Bottom line - the general ISO line of "trust us" and "stop being nasty about us" doesn't hold any water. It's time to explain yourselves in the full glare of public attention, and *prove* that your processes were all fair and above board. This isn't about anyone else, this is about the *BSI* and what *they* have done...

Sothis 2 May, 2008 15:45
Reply

The ukuug quit the standaardization proces.
They could have had a vote in the official recommendation on Office Open XML to BSI but choose to leave.

It would have have made certain they knew what the recommendation of the committee exactly was. As this is not public information the ukuug placing themselves outisde the proces has no more acces to the committee information.

If BSI has claimed to follow the recommendation in their official communications I would have little doubt on that.
If the ukuug would like to have a case they woyuld need to come up with the official recommendation of the committee and prove that BSI has not followed it.

If that were the case it would be likely they had already done that to support the claims Williams made earlier which have not been supported by the tinyest bit of proof or even supportive 1st party claims from committee members.

Albert 2 May, 2008 17:53
Reply

Sigh...

At the risk of repeating myself - This is about the BSI, not UKUUG.

"If BSI has claimed to follow the recommendation in their official communications I would have little doubt on that."

Good for you. Judging from the reactions around the world though, not everyone shares your lack of doubt - that's kind of the point of the case, wouldn't you agree?
Anyway, perhaps we should let the High Court decide, rather than taking your, or the BSI's, word for it?

"If the ukuug would like to have a case they woyuld need to come up with the official recommendation of the committee and prove that BSI has not followed it."

Again, perhaps we should let the Court decide?

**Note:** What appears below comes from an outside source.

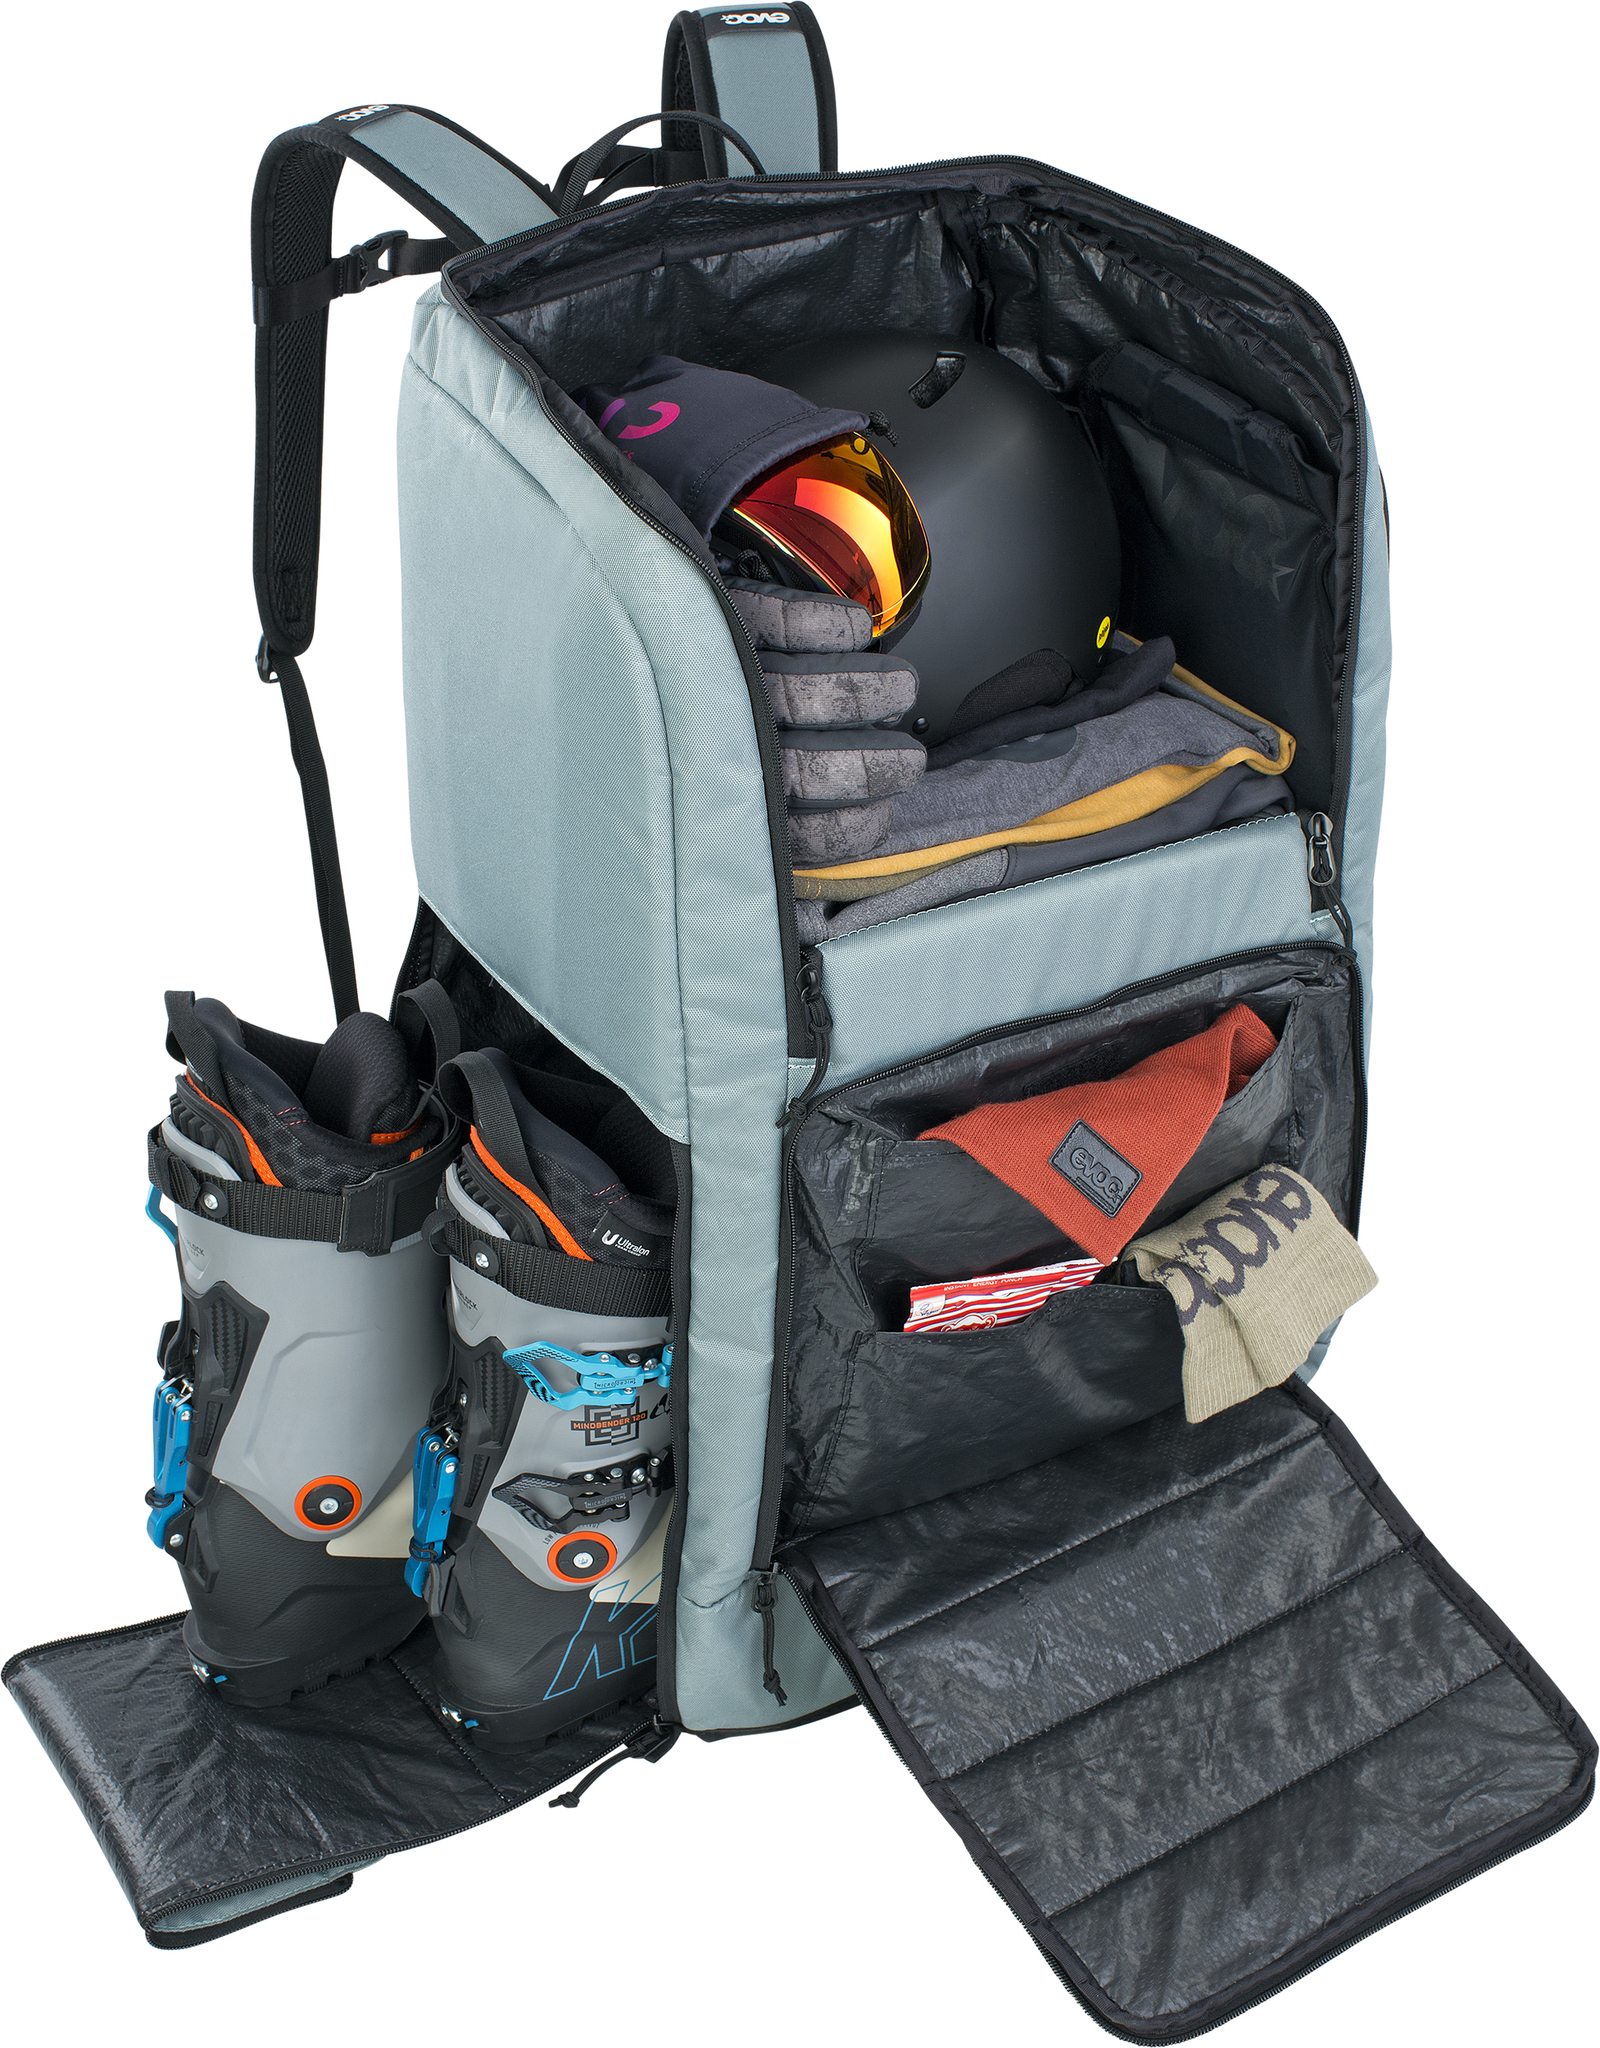 Evoc Gear Backpack 90

Oh, and wasn't there more than one committee? It was the policy committee that had the final say the first time round wasn't it? What happened recently?

Funny old world...

Sothis 2 May, 2008 18:04
Reply

[quote]Anyway, perhaps we should let the High Court decide, rather than taking your, or the BSI's, word for it? [/quote]

Actually the high court has nothing to decide as the ukuug has likely no standing and has not presented any case yet.
If they were a participant in the BSI committee they might have some standing on what BSI states on therecommendations made by the committee but of course ukuug has left the committee and is not involved in the recommendation.

Just stating that you do not agree does not make a court ruling on that issue. ukuug will have to show more than empty words for a court to rule on the issue in stead of dismisseing the case immediatly.

Why would BSI be required to confirm their stament that they have followed the recommendation.
There is no evidence of the contrary.

And even then the BSI can do with a recommendation what they want. This is why ukuug has no standing whatsoever. BSI is an independant standards organ that can vote what they want without having to answer to ukuug or do what is in the particular interest of ukuug.